Giter Site home page Giter Site logo

cde-in-box's Introduction

cde-in-box

CDE in a box is a collection of software applications which enables creation, storing and publishing of "Common Data Elements" according to the CDE semantic model.

Requirements

In order to use the cde-in-box solution you have to meet following requirements.

User requirements (Person who is deploying this solution)

  • Basic knowledge on Docker​
  • Basic GitHub knowledge​
  • Awareness of CDE semantic model

System requirements​ (Machine where this solution is being deployed)

  • Docker engine​
  • Docker-compose application​

Software used in CDE in a box

The image below gives an overview of softwares used in the CDE in a box solutions.

Triple store: To store the rdf documents generated by the CDE in a box solution we need to have a triplestore which stores these document. In the CDE in a box solution we use graphDB as a triplestore. To know more about the graphDB triplestore please visit this link

FAIR Data Point: To describe the content of your resource we need a metadata provider component. For the CDE in a box solution we use FAIR Data Point software that provides description (metadata) of you resource. To learn more about the FAIR Data Point please visit this link

Other known CDE​ in a box solutions

In this section we list other known CDE in a box solutions.

MOLGENIS CDE in a box
MOLGENIS EDC provider also provides a complete set of CDE in a box with EDC system. To learn more about MOLGENIS implementation of the CDE in a box solution please visit this link

How to use CDE in a box solution

To use CDE in box solutions clone this repository to your machine.

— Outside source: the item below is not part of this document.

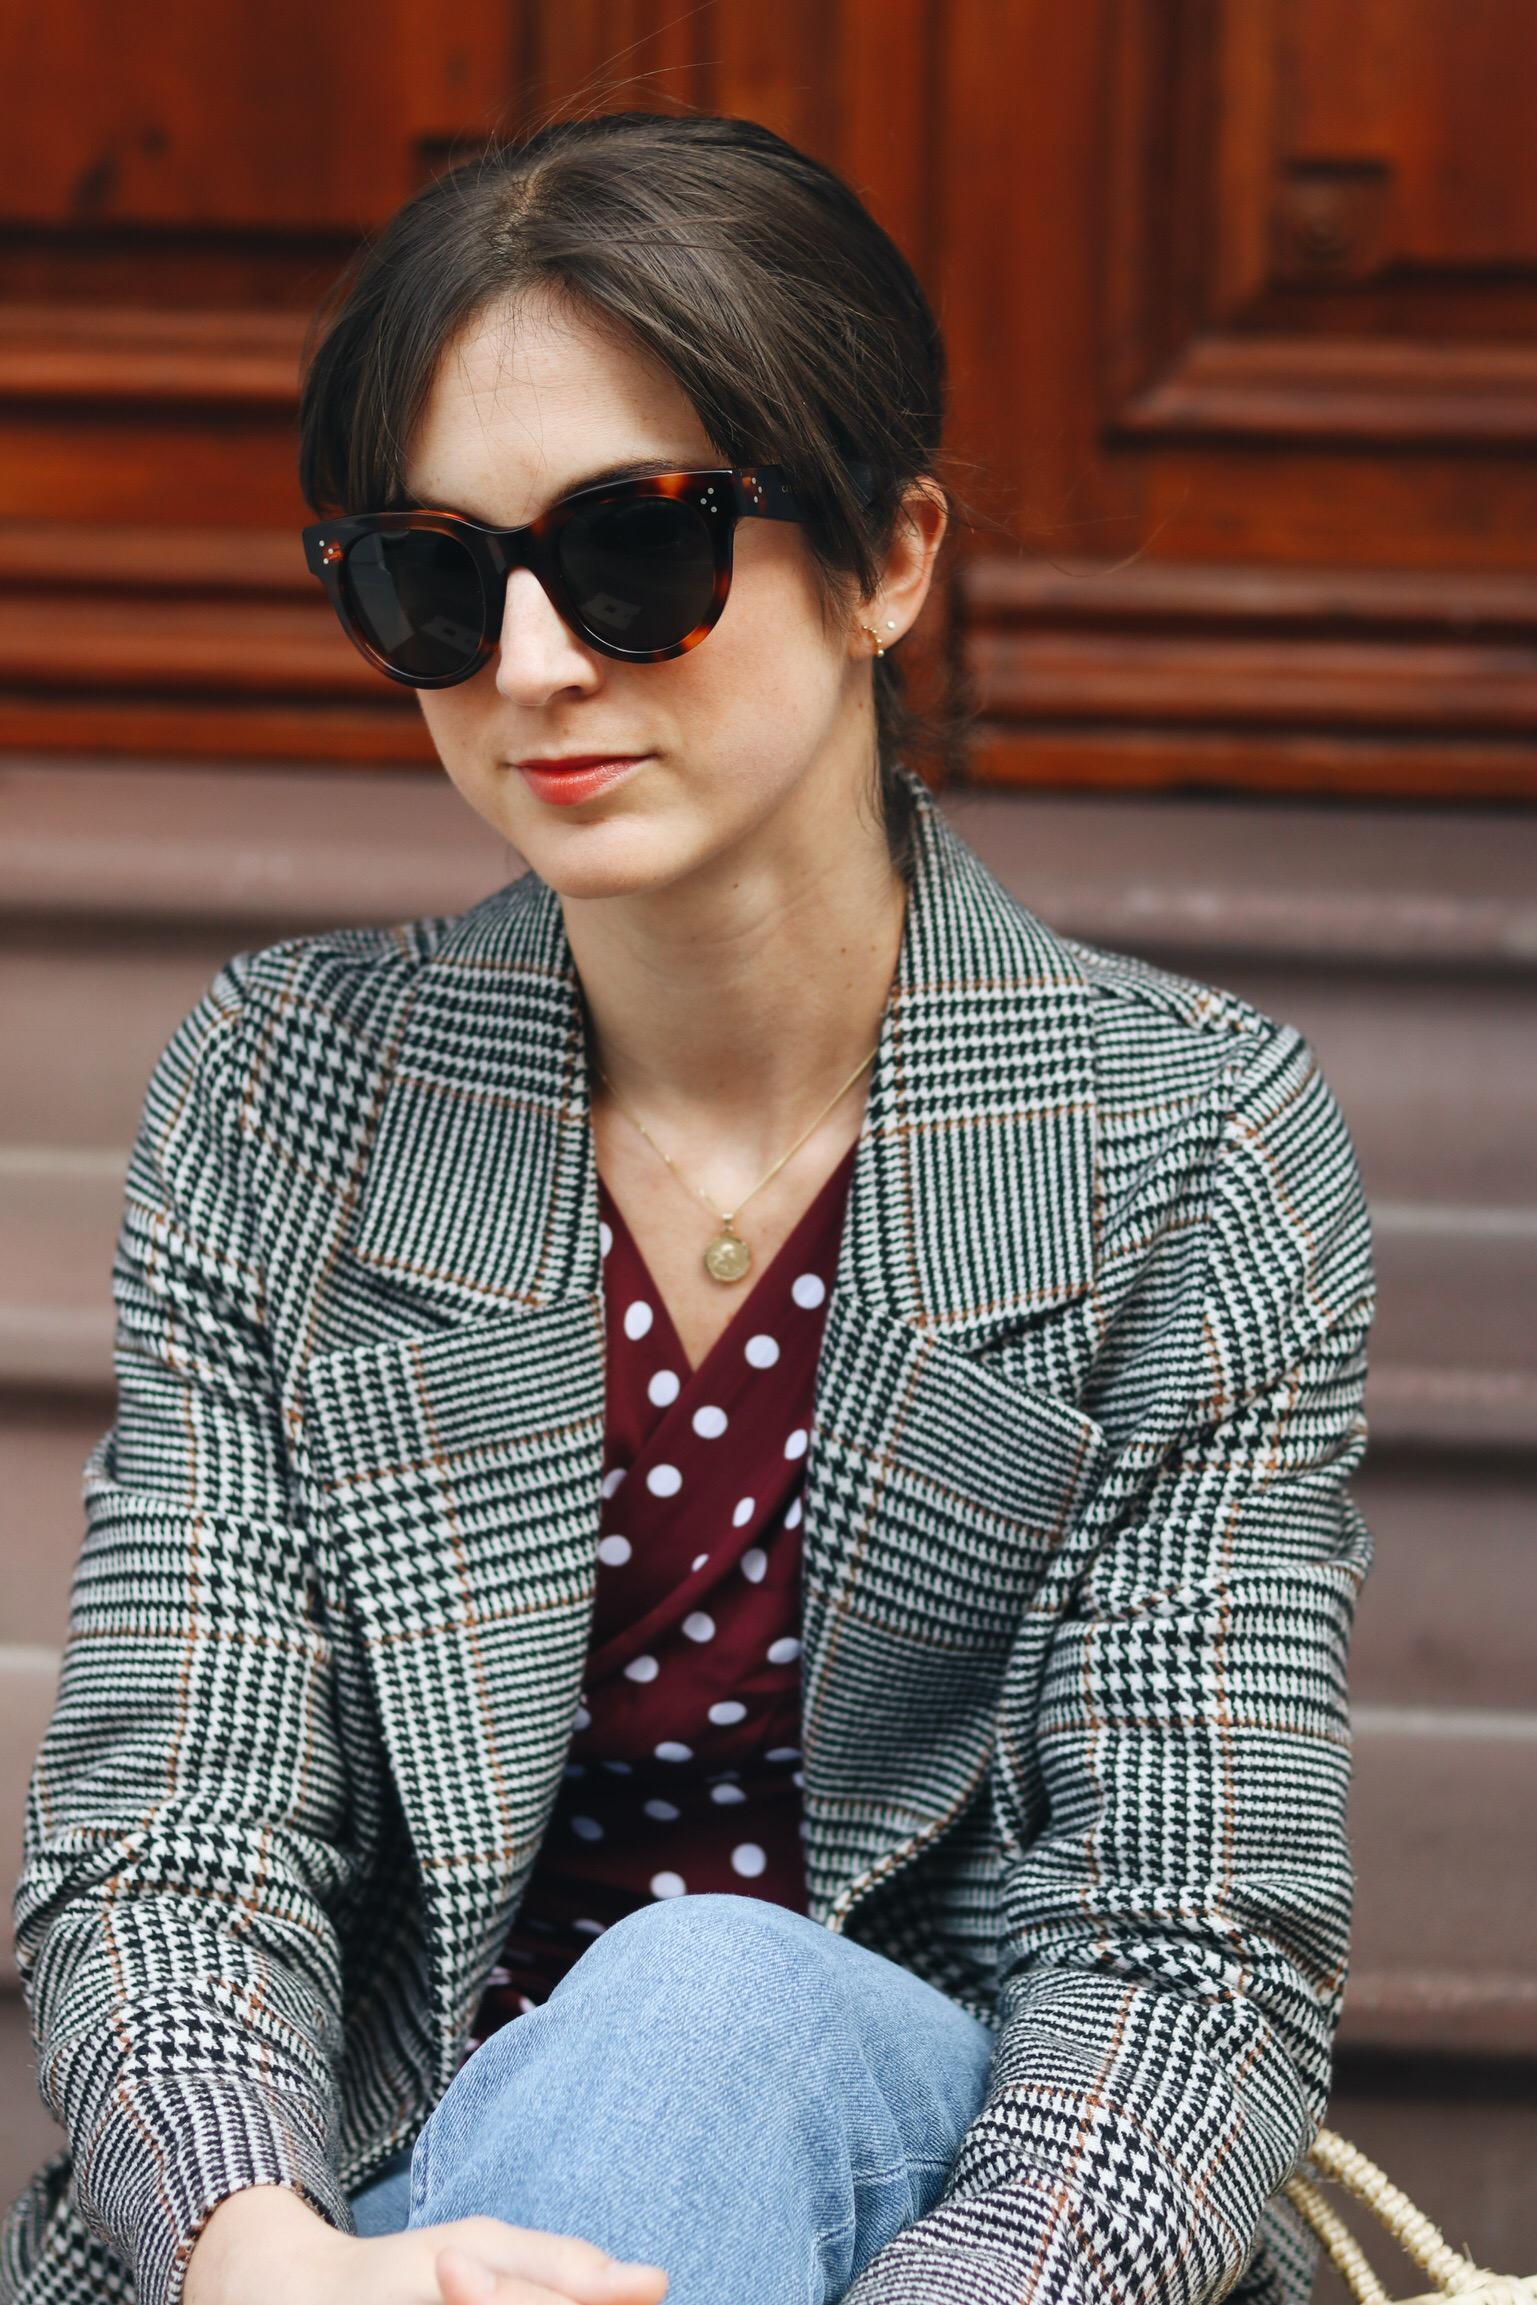 Karomuster der Modetrend auf meinem Modeblog

git clone https://github.com/ejp-rd-vp/cde-in-box

Once you have cloned this repository please follow the instructions below to properly configure the CDE in a box solution.

Instructions

Configuring bootstrap services

GraphDB

The docker-compose.yml file in directory cde-in-box/bootstrap will setup up graphDB triple store and creates fdp and cde repositories in graphDB. These two repositories are used by other services in CDE in box so make sure that bootstrap services are property setup before you proceed further.

To run docker-compose.yml file in cde-in-box/bootstrap you need graphDB triple store free edition. Follow the steps below to get free edition of graphdb.

Step 1: GO to this url and registry to download GraphDB free edition.

Step 2: The download will be sent to your email. From the email follow link to download page and click on "Download as a stand-alone server". This step will download "graphdb-free-{version}-dist.zip" file to your machine.

Step 3: Move "graphdb-free-{version}-dist.zip" file to the following location

mv graphdb-free-{version}-dist.zip cde-in-box/bootstrap/graph-db

Step 4: If your graphdb version is different from 9.7.0 then change the version number of graph DB in the docker-compose file.

graph_db:
    build:
      context: ./graph-db
      dockerfile: Dockerfile        
      args:
        version: 9.7.0

Running bootstrap services

Once you have done above configurations you can run bootstrap services by running docker-compose.yml file in cde-in-box/bootstrap directory.

docker-compose up -d

If the deployment is successful then you can access the graphDB by visiting the following URL.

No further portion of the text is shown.